● SUPPLIED MATERIAL
-------------------------

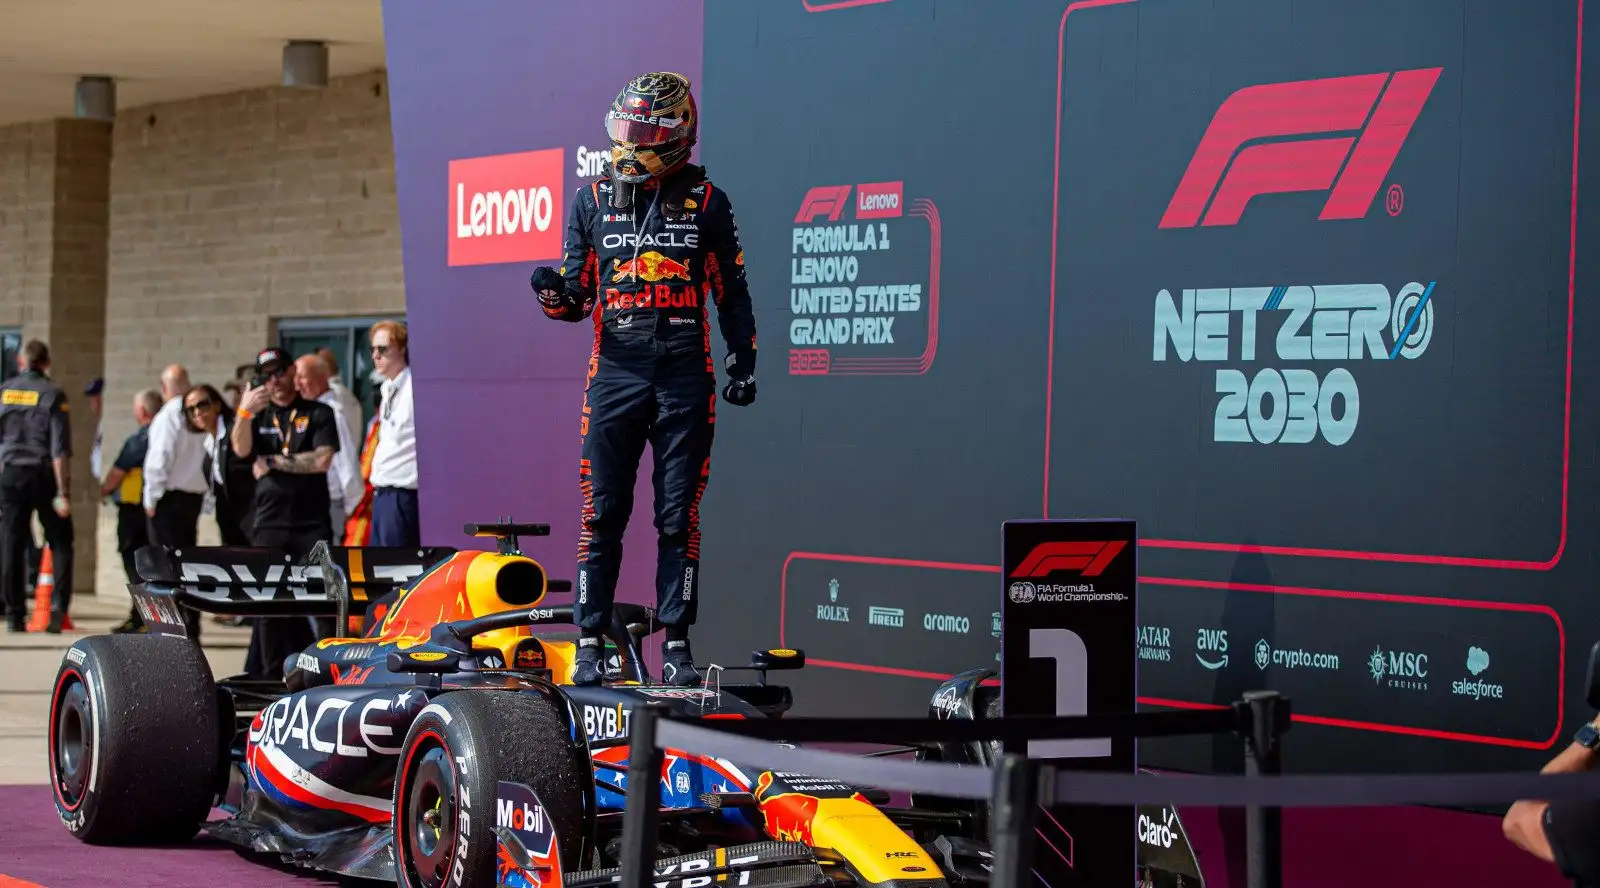 Red Bull driver Max Verstappen stands on his RB19 to celebrate after winning the United States GP.
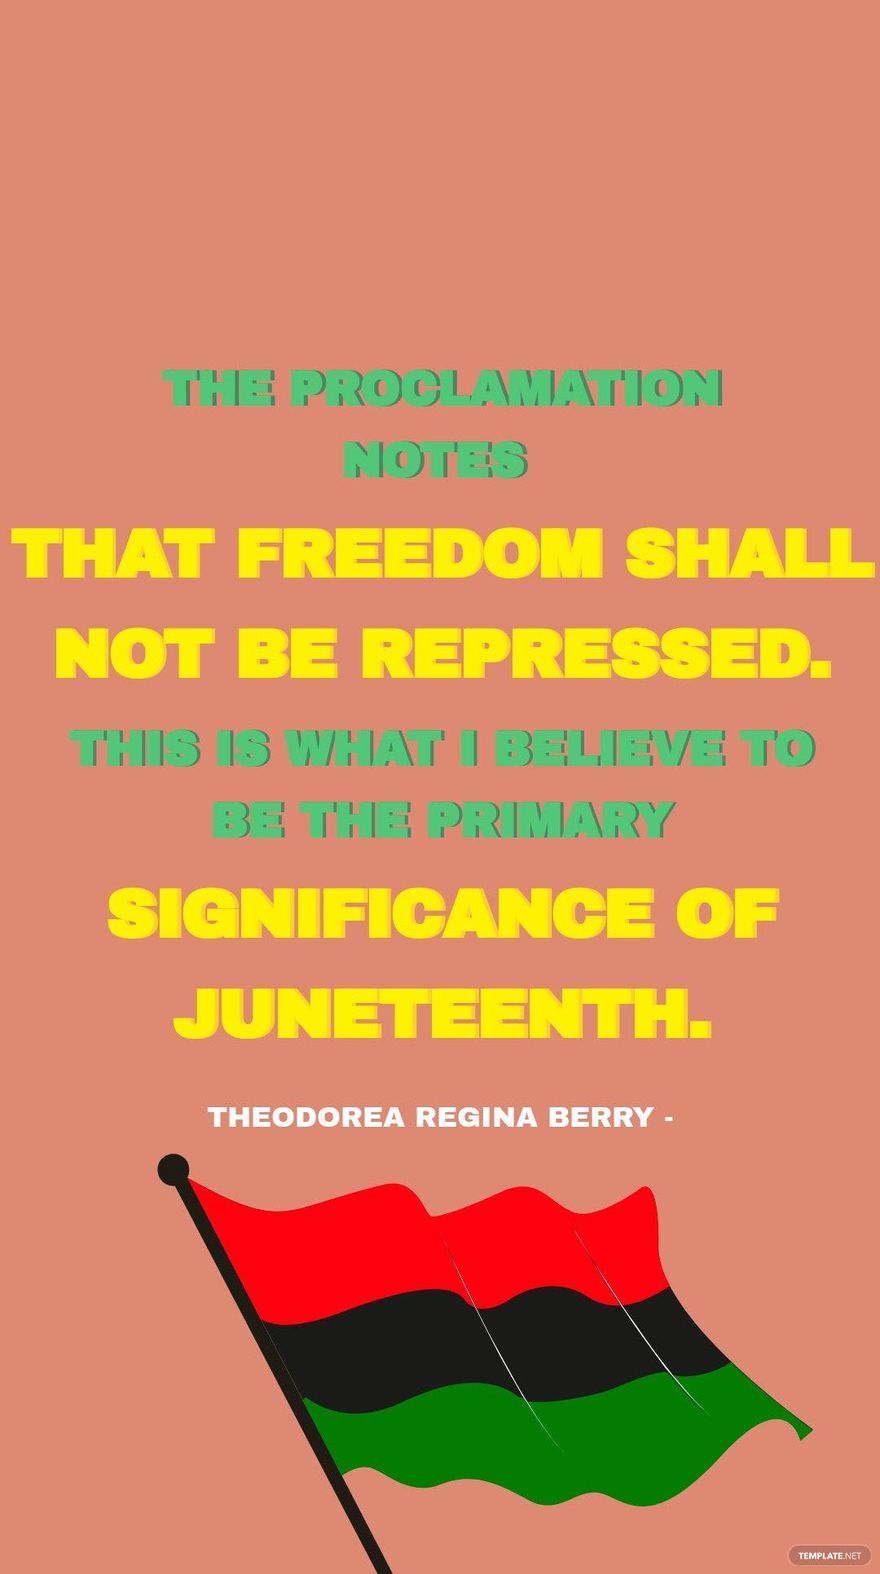 Free Theodorea Regina Berry - The proclamation notes that freedom shall not be repressed. This is what I believe to be the primary significance of Juneteenth. in JPG
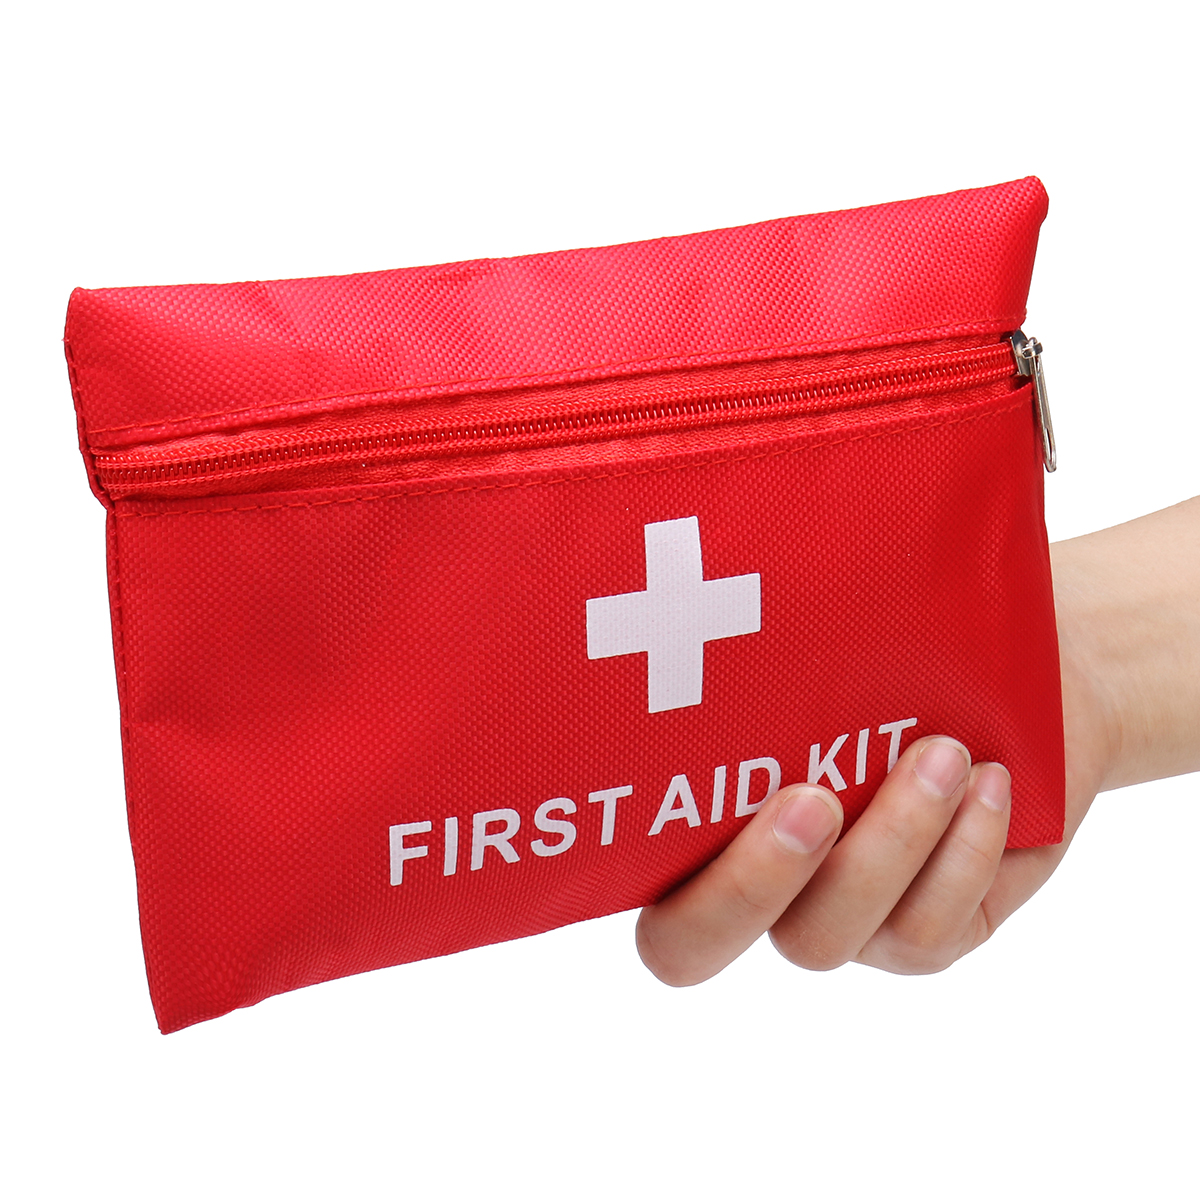 Emergency-First-Aid-Kit-79-Piece-Survival-Supplies-Bag-for-Car-Travel-Home-Emergency-Box-1420491-7

-------------------------

Only the listing above, set down exactly and without pictures, belongs in the answer.

● ANSWER TO THE PROBLEM
 Red Bull driver Max Verstappen stands on his RB19 to celebrate after winning the United States GP.
 Free Theodorea Regina Berry - The proclamation notes that freedom shall not be repressed. This is what I believe to be the primary significance of Juneteenth. in JPG
 Emergency-First-Aid-Kit-79-Piece-Survival-Supplies-Bag-for-Car-Travel-Home-Emergency-Box-1420491-7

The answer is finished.